Article 11, for example, states: “The full sovereignty of the Republic is exercised on the continental, and insular spaces, lake and river spaces, territorial sea, historic, vital and inland sea areas, and those lying within such straight baselines as have been adopted or may come to be adopted by the Republic; seabed and under the seabed of the aforementioned; the continental, insular and maritime air space and the resources located within the aforementioned spaces, including genetic resources, migratory species, derived products and any intangible components that may be present within the aforementioned spaces because of natural causes. The insular space of the Republic includes the Archipelago of Los Monjes, Las Aves, Los Roques, La Orchila, La Tortuga, La Blanquilla, Los Hermanos, islands of Margarita, Cubagua and Coche, Los Frailes, La Sola Island, Los Testigos Archipelago, Patos Island and Aves Island, as well as the islands, islets, keys and banks located or coming in the future to emerge from the territorial sea, that covering the continental shelf or that lying within the limits of the exclusive economic zone.

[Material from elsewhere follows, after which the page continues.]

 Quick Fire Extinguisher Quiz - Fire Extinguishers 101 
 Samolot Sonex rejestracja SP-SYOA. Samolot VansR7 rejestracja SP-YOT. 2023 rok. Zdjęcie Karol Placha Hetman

As to the water spaces consisting of the contiguous maritime zone, the continental sheaf and the exclusive economic zone, the Republic exercises exclusive rights of sovereignty and jurisdiction on such terms, to such extent and subject to such conditions as may be determined by public international law and national law. The Republic has rights in outer space and in those areas which are or may be the Common Property of Humanity, on such terms, to such extent and subject to such conditions as may be determined by public international agreements and by the national legislation.”

In addition, Article 17 reads: “Federal dependencies are the maritime islands which are not incorporated into the territory of a State, as well as any island that may form or appear in the territorial sea or that covering the continental sheaf. Their regime and administration shall be provided by law.”

Finally Chavez announced that the creation of a second insular territory is being evaluated, which would be composed by the triangle of islands that includes La Tortuga, La Blanquilla and the Archipelago Los Testigos.